Another issue that leaves the reader begging for clarification is Enns’ understanding of Paul’s reading of Genesis and Adam. Enns claims that Paul is merely reading in light of the first-century Jewish worldview. However, Paul is very far from the typical reading of Adam in the Talmud and Rabbinic thought. Adam was never considered in a negative light, as we see in Paul’s writing and his recapitulation of the Genesis narrative. Eve is always the source of blame in rabbinic thought. Adam was the first priest and walked with God. Paul is unique in his presentation of Adam as the original sinner. It seems that this fact, which perhaps Enns is either unaware of or ignores, would further challenge his premise that Paul did not believe in a historical or literal account of the man Adam. Paul is merely following the text’s logic in the Genesis narrative, “who does humans die?” His answers blame Adam instead of Eve alone. Thus, there is nothing to indicate from Paul’s treatment of the Garden narrative that it is merely theological fiction, as Enns suggests in chapter 7.

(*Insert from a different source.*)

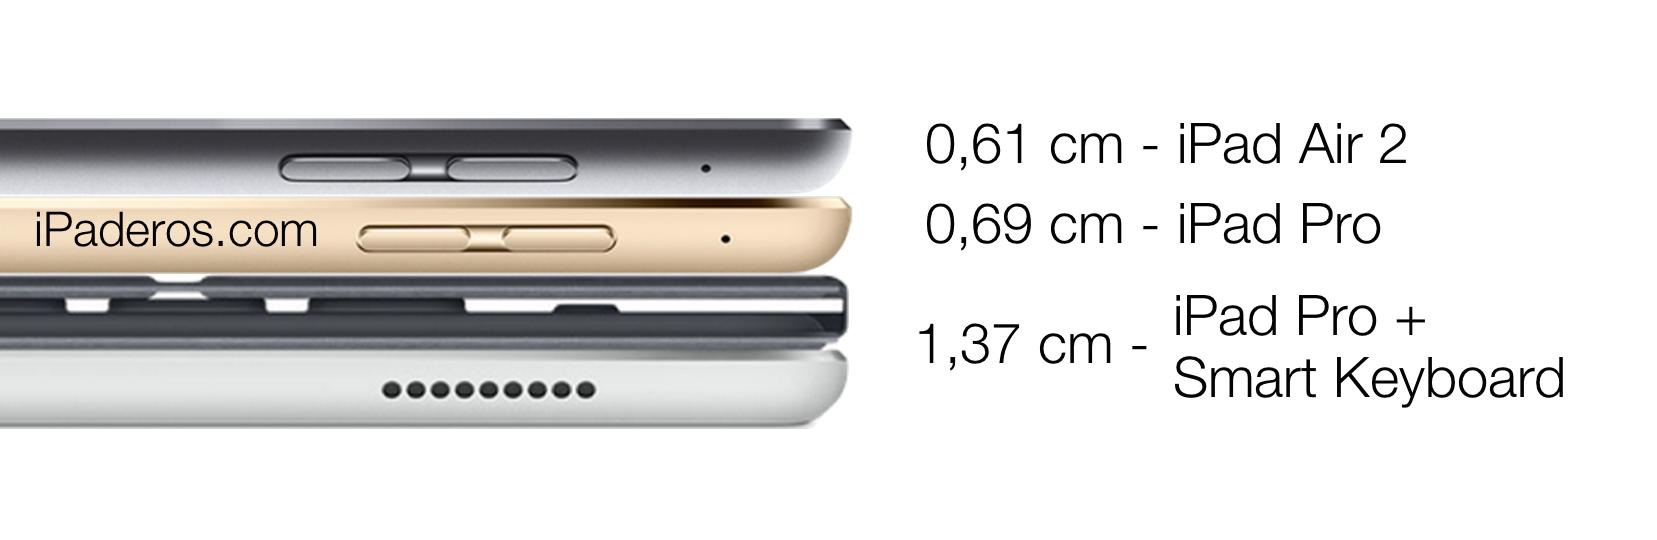 iPad Pro vs iPad Air 2 size comparison

Enns commits the very exegetical crimes he is putting on trial—forcing the text to argue and say what it does not say. Likewise, evangelicals have been guilty of using the same logic to force scientific evidence to fit biblical narratives (i.e., the flood narrative). The most significant take away from this work is the danger of using one’s scientific paradigms to serve as epistemological arbiter. The Bible is a book of faith and works. It is both a work of history and theology revealed through a miraculous and supernatural event––God working through humans.